Typical Applications
In television studios, blue or green screens may back news-readers to allow the compositing of stories behind them, before being switched to full-screen display. In other cases, presenters may be completely within compositing backgrounds that are replaced with entire “virtual sets” executed in computer graphics programs. In sophisticated installations, subjects, cameras, or both can move about freely while the computer-generated imagery (CGI) environment changes in real time to maintain correct relationships between the camera angles, subjects, and virtual “backgrounds.”
Virtual sets are also used in motion pictures filmmaking, some of which are photographed entirely in blue or green screen environments; as for example in Sky Captain and the World of Tomorrow.

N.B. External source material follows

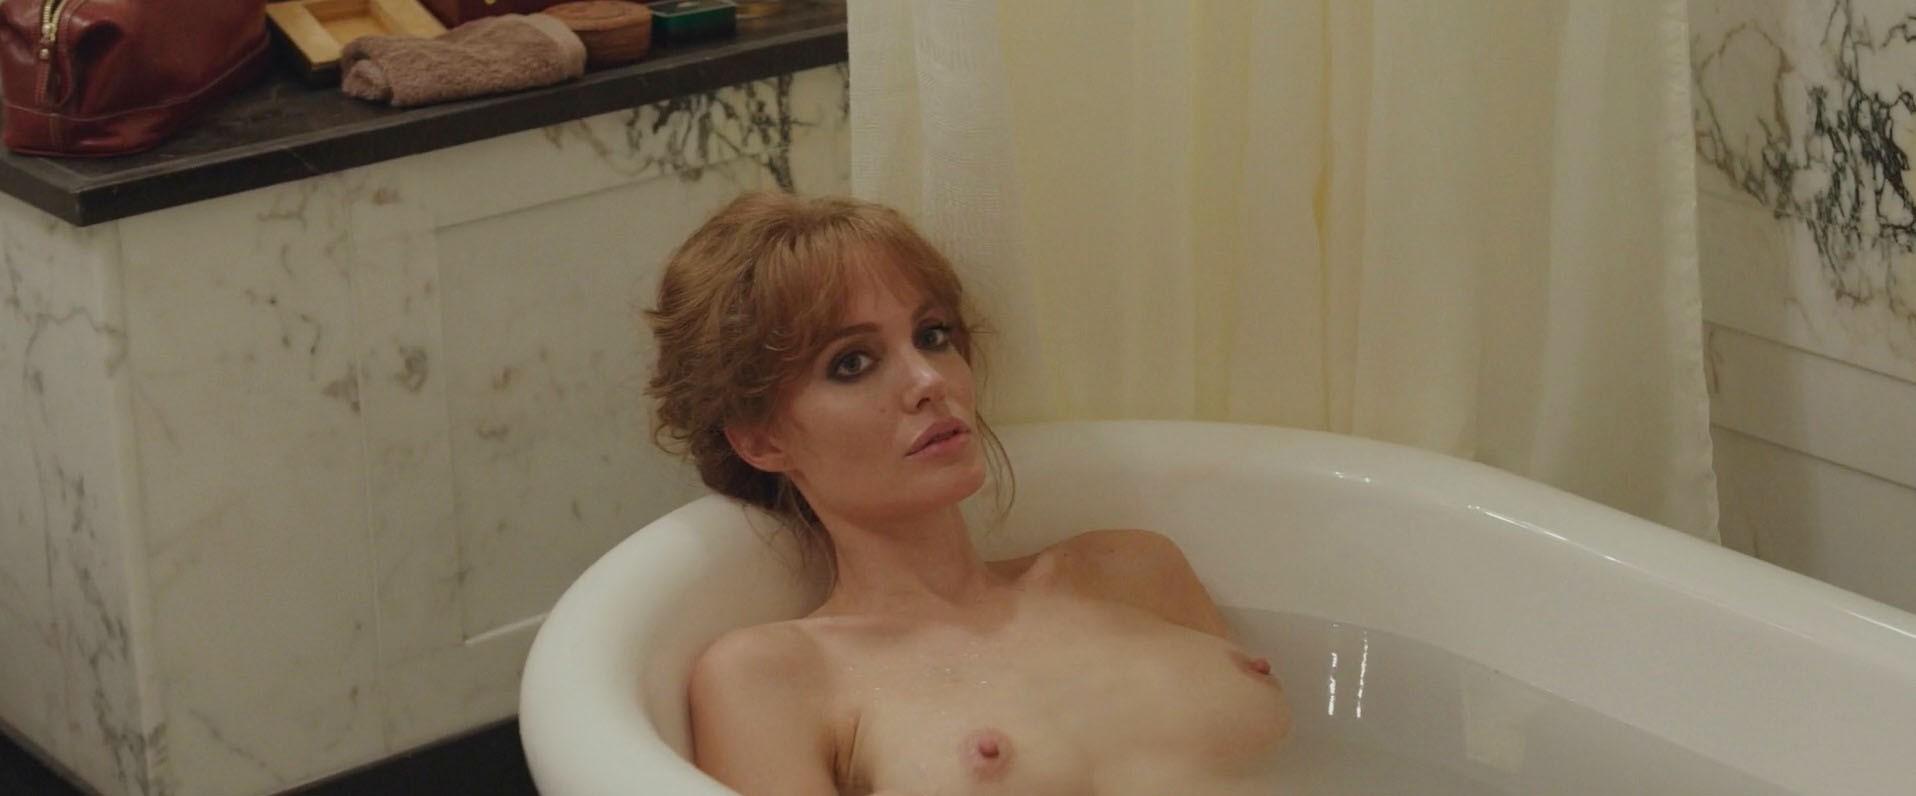 Angelina Jolie Film Nuda angelina jolie nude, naked - pics and videos - imperiodefamosas

More commonly, composited backgrounds are combined with sets – both full-size and models – and vehicles, furniture, and other physical objects that enhance the “reality” of the composited visuals. “Sets” of almost unlimited size can be created digitally because compositing software can take the blue or green color at the edges of a backing screen and extend it to fill the rest of the frame outside it. That way, subjects recorded in modest areas can be placed in large virtual vistas. Most common of all, perhaps, are set extensions: digital additions to actual performing environments. In the film, Gladiator, for example, the arena and first tier seats of the Roman Colosseum were actually built, while the upper galleries (complete with moving spectators) were computer graphics, composited onto the image above the physical set. For motion pictures originally recorded on film, high-quality video conversions called “digital intermediates” are created to enable compositing and the other operations of computerized post production. Digital compositing is a form of matting, one of four basic compositing methods. The others are physical compositing, multiple exposure, and background projection.